Horror Film countdown 2013, part 20


The Lodger (1926), dir. Alfred Hitchcock, Woolf & Freedman Film Services



While the countdown continues we turn our focus to the first horror films directed by the famed and the infamous. The first one is also the earliest made and was directed by one called the master of suspense: Alfred Hitchcock. This was also the first film Hitchcock appeared in a cameo.

 

On the fog covered streets of London, a masked killer calling himself the Avenger is murdering blond women with curly hair on Tuesdays. Daisy Bunting (June Tripp), a showgirl with curly blond hair, is a bit spooked by the deaths, as is her policeman boyfriend Joe (Malcolm Keen). Her parents (Marie Ault and Arthur Chesney) are concerned too, but their finical worries are concerns too. They decided to rent their attic out to a nice young man named Jonathan Drew (Ivor Novello). Drew is charming, witty, and utterly taken with the Buntings and their daughter. He also makes a habit of walking the streets on Tuesday nights with his face covered, demands that paintings and photos of blond woman with curly hair be removed from his sight, and his only luggage is a satchel containing a gun and map, a map marked with every single location of the Avenger’s victims.
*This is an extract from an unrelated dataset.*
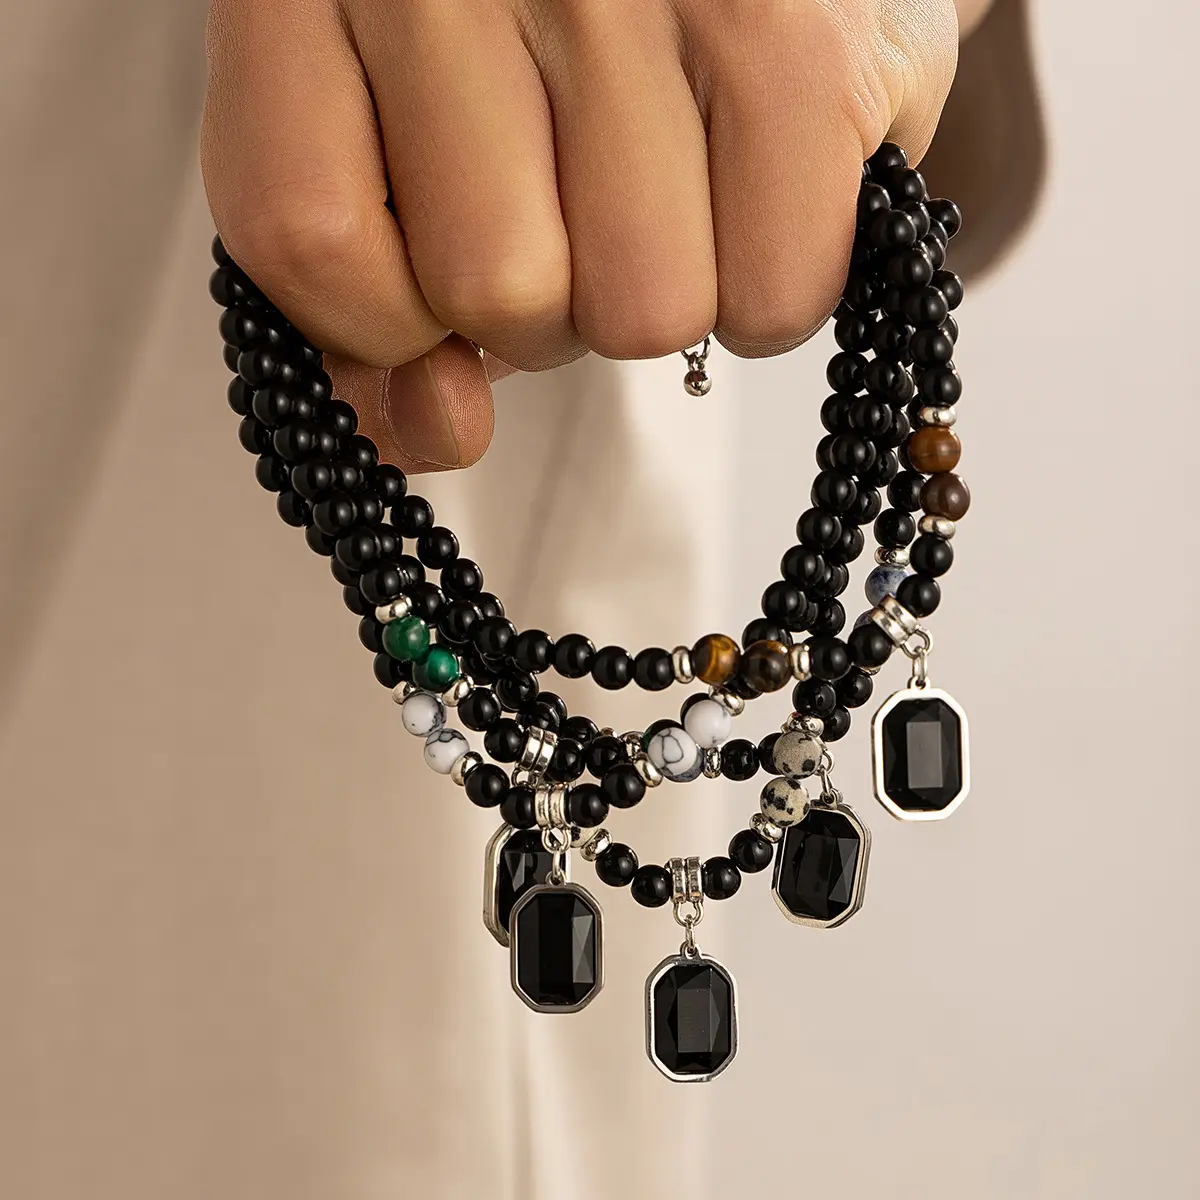 Collare de colgante cuadrado con cuentas negra collare de accesorios de moda para hombres collare de joyas de moda regalo para

Surely Joe is simply jealous when he starts to suspect Drew is the Avenger? Eve can’t believe Joe’s arguments, especially when he gets assigned the Avenger case. When Joe serves a warrant on the Bunting house and finds the aforementioned items, as well as several pictures of the Avenger’s first victim, Joe is more than convinced. Can Drew prove his innocence? Will Daisy believe him?

 

The hallmarks of the Hitchcock’s style are evident even here, with plenty of camera tricks to keep the viewer guessing. Hitchcock’s disdain for the authority is evident even here as well. Surprising, Hitchcock rarely uses title cards, letting the audience follow the story through the performers and their body movements.  As it is a silent film, this does present a challenge at times, but it is worth it to see the first steps towards Psycho and the Birds.